Is there a representation of a directed line in 3D such that for any 2 lines, they are collinear if and only if the parameters of their representations are the same?
In addition, I would also need to know how to derive such a representation from 2 vertices on the line.
I have done some searching on this site, and I found an answer for a different question explaining that directed lines in 3D have 4 degrees of freedom: 2 for the direction of the line, and 2 for the point intersecting the line on the origin-intersecting plane said direction vector is a normal of. For simplicity I could represent the plane with 6 degrees, 3 for the unit direction vector of the line, and 3 for the intersection point of the line on the aforementioned plane. My problem is in deriving these from 2 vertices in the line.
This is for a computational geometry algorithm that needs to test collinearity of directed line segments in a set against others in the set. Given a representation with this property, I could potentially derive a hash function for it such that 2 lines with similar hashes are likely to be nearly collinear. This would allow my algorithm to be linear in the best case.
Are you sure that you don’t know how to compute a unit direction vector $\mathbf n$ from the coordinates $P$ and $Q$ of two points?
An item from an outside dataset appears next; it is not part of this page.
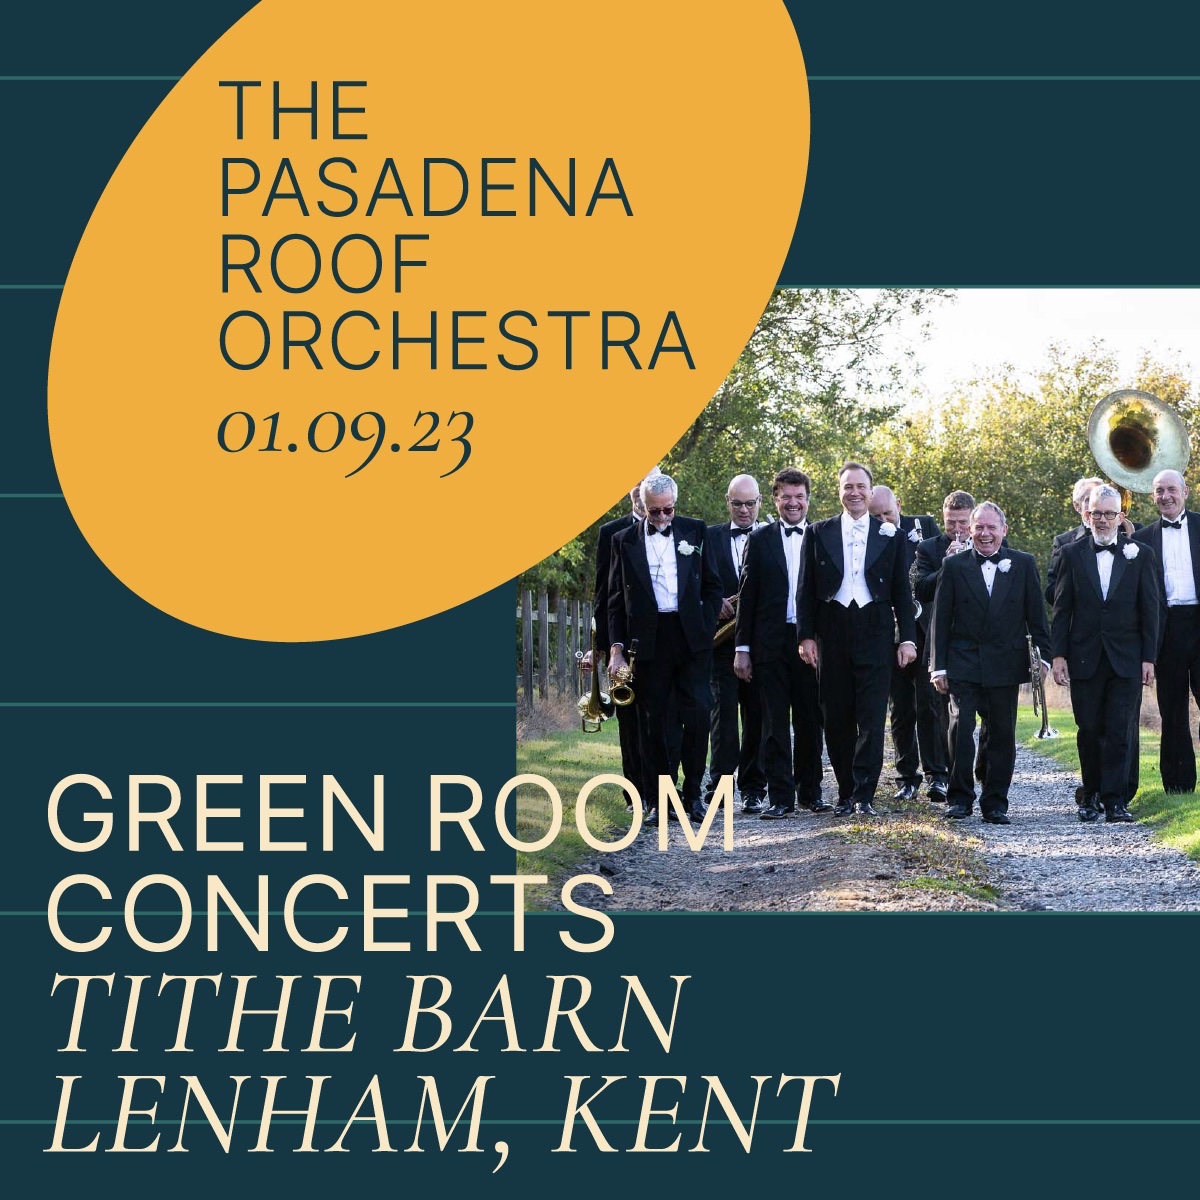 World renowned Pasadena Roof Orchestra launch our festival in under a month! Life enhancing swing from the roaring 20s and 30s! Bring your dancing shoes! Friday 1 Sept 7.30pm Tickets: greenroomconcerts.com #jazz #swingmusic #jazzfm #kent #kentlivemusic @PasadenaOrch

Once you have that, the equation of the plane is just $\mathbf n\cdot\mathbf x=0$ and you can find many questions and answers here and elsewhere on the Web about how to compute the intersection of a line and plane. Many of them involve solving equations, but this intersection can be computed directly: A convenient way is to observe that since the plane goes through the origin, it is the orthogonal rejection of either $P$ or $Q$ from $\mathbf n$, i.e., $P-(\mathbf n\cdot P)\mathbf n$ or $Q-(\mathbf n\cdot Q)\mathbf n$.
You can also use the Plücker matrix representation of a line in order to compute this point directly: if the homogeneous coordinate vectors of the two points are $\mathbf p$ and $\mathbf q$, then the intersection of the line through these points and the plane $\mathbf\pi$ is $$(\mathbf p\mathbf q^T-\mathbf q\mathbf p^T)\mathbf\pi = (\mathbf\pi^T\mathbf q)\mathbf p - (\mathbf\pi^T\mathbf p)\mathbf q.$$ In your case, $\mathbf\pi = (\mathbf n;0)^T$, so the above formula translates into inhomogeneous Cartesian coordinates as $${(\mathbf n\cdot Q)P-(\mathbf n\cdot P)Q \over \mathbf n\cdot Q-\mathbf n\cdot P}.$$ Assuming that the line goes in the direction of $Q$ from $P$, this simplifies to $${(\mathbf n\cdot Q)P-(\mathbf n\cdot P)Q \over \lVert P-Q\rVert}.$$ You’ve already computed this denominator when you found the unit vector $\mathbf n$. This can be further expanded in terms of $Q-P$ instead of $\mathbf n$, but since you need $\mathbf n$ anyway, the orthogonal rejection described earlier is less expensive to compute.